Given the limited resources of the NES architecture, and the potential limited range of required multiplications in the context of game development, repeating additions, bit shifting, or the use of a look up table is highly recommended. Especially if using a squaring algorithm to spread the cost between stored values in memory and some computation cycles. As an exercise, and for the specific use cases with uncertain parameters, Vedic mathematics offers interesting solutions. Although with the computation cost, effort should be made to redesign the use case to use an simpler method.

References

[1] Andrew John Jacobs - Obelisk personal web page algorithms

[2] Andrew John Jacobs - Obelisk personal web page instruction reference

[3] Neil Parker - Apple II The 6502 Instruction Set Decoded

[4] Neil Parker - Apple II Multiplying and Dividing on the 6502

[5] Nes Dev - 8-bit Multiply

[6] Dhillon, Harpreet Singh, and Abhijit Mitra. "A reduced-bit multiplication algorithm for digital arithmetic." International Journal of Computational and Mathematical Sciences 2.2 (2008)

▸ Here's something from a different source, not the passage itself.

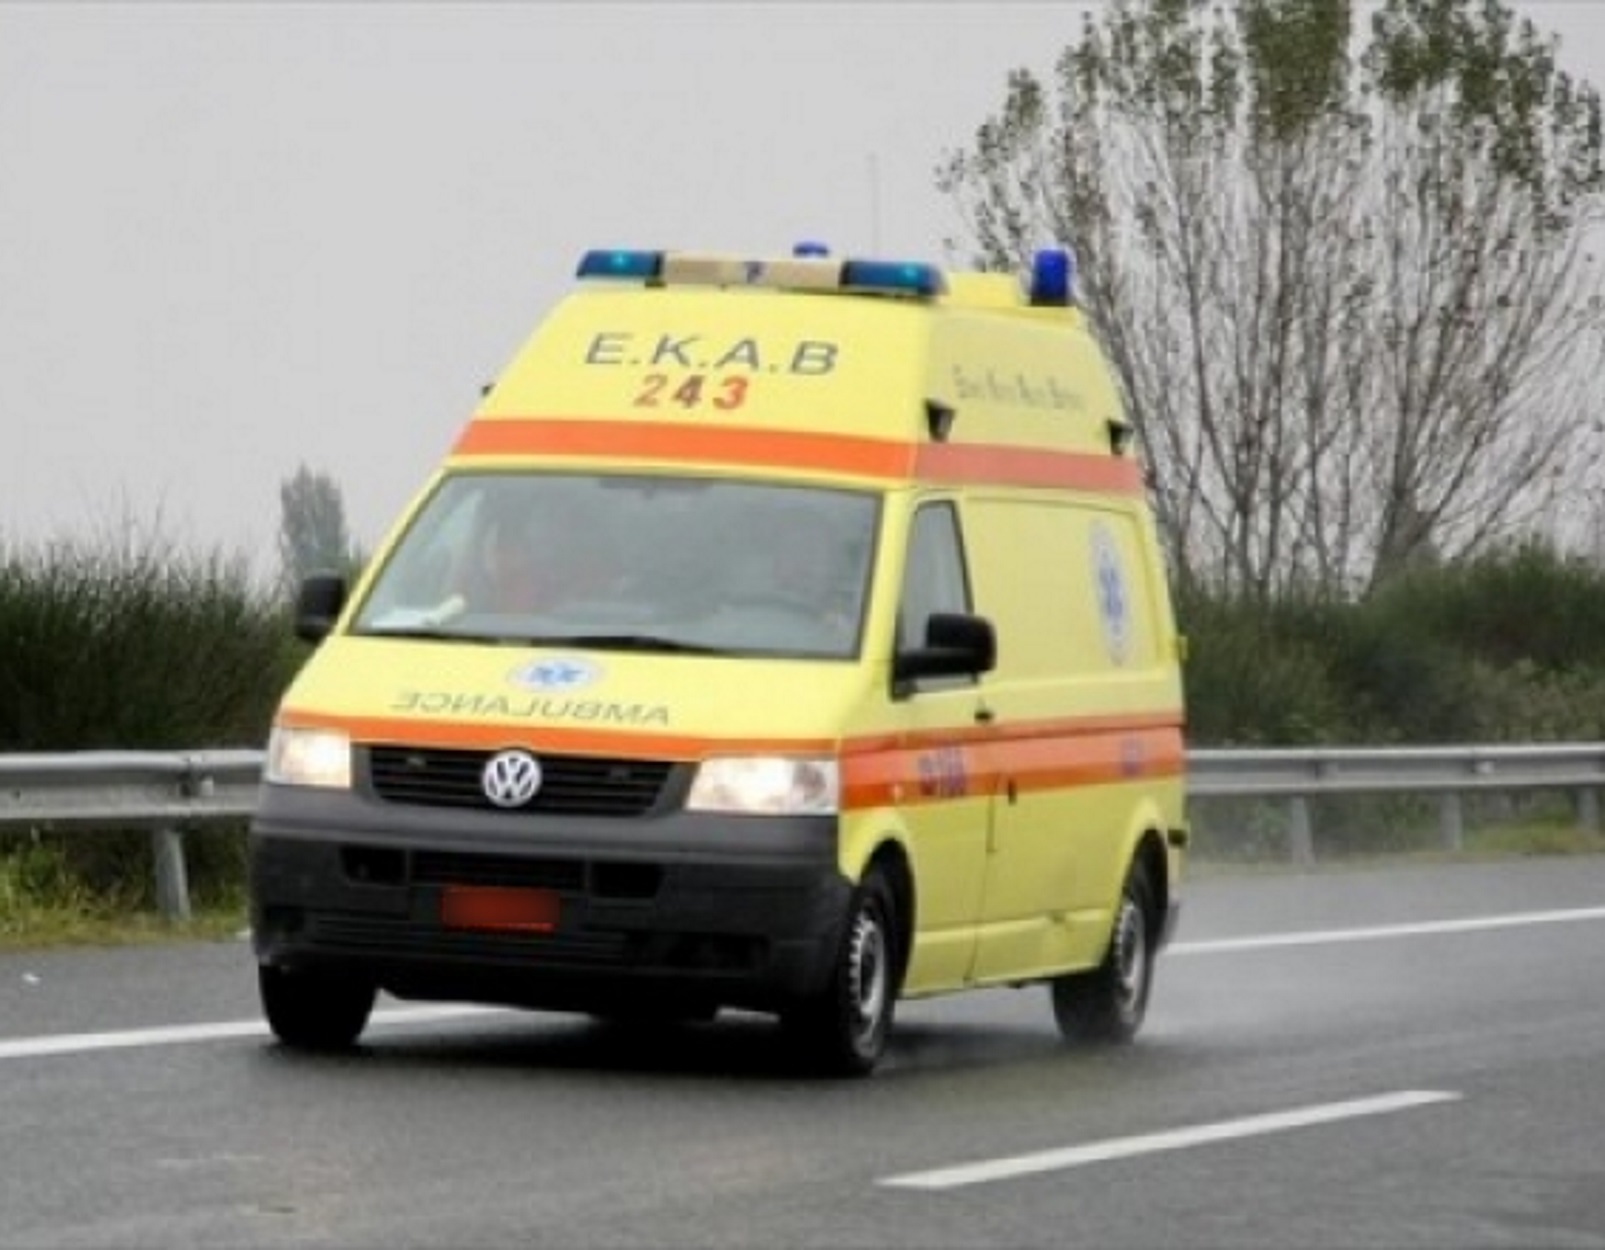 Τρίκαλα: Ανατριχιαστικός θάνατος ηλικιωμένου – Τυλίχθηκε στις φλόγες και έπεσε από το μπαλκόνι!

[7] Ma, G-K., and Fred J. Taylor. "Multiplier policies for digital signal processing." IEEE Assp Magazine 7.1 (1990): 6-20

[8] Goldberg, David. "What every computer scientist should know about floating-point arithmetic." ACM Computing Surveys (CSUR) 23.1 (1991): 5-48

[9] Booth, Andrew D. "A signed binary multiplication technique." The Quarterly Journal of Mechanics and Applied Mathematics 4.2 (1951): 236-240

[10] Tiwari, Honey Durga, et al. "Multiplier design based on ancient Indian Vedic Mathematics." SoC Design Conference, 2008. ISOCC'08. International. Vol. 2. IEEE, 2008

[11] Kumar, G. Ganesh, and V. Charishma. "Design of high speed vedic multiplier using vedic mathematics techniques." International Journal of Scientific and Research Publications 2.3 (2012): 1

[12] Chen, Tien Chi. "A binary multiplication scheme based on squaring." IEEE Transactions on Computers 100.6 (1971): 678-680

[13] Seidel, P-M., Lee D. McFearin, and David W. Matula. "Binary multiplication radix-32 and radix-256." Computer Arithmetic, 2001. Proceedings. 15th IEEE Symposium on. IEEE, 2001.

[14] Majithia, Jayanti C., and Reuven Kitai. "An iterative array for multiplication of signed binary numbers." IEEE Transactions on Computers 2 (1971): 214-216.

[15] Walther, John S. "A unified algorithm for elementary functions." Proceedings of the May 18-20, 1971, spring joint computer conference. ACM, 1971.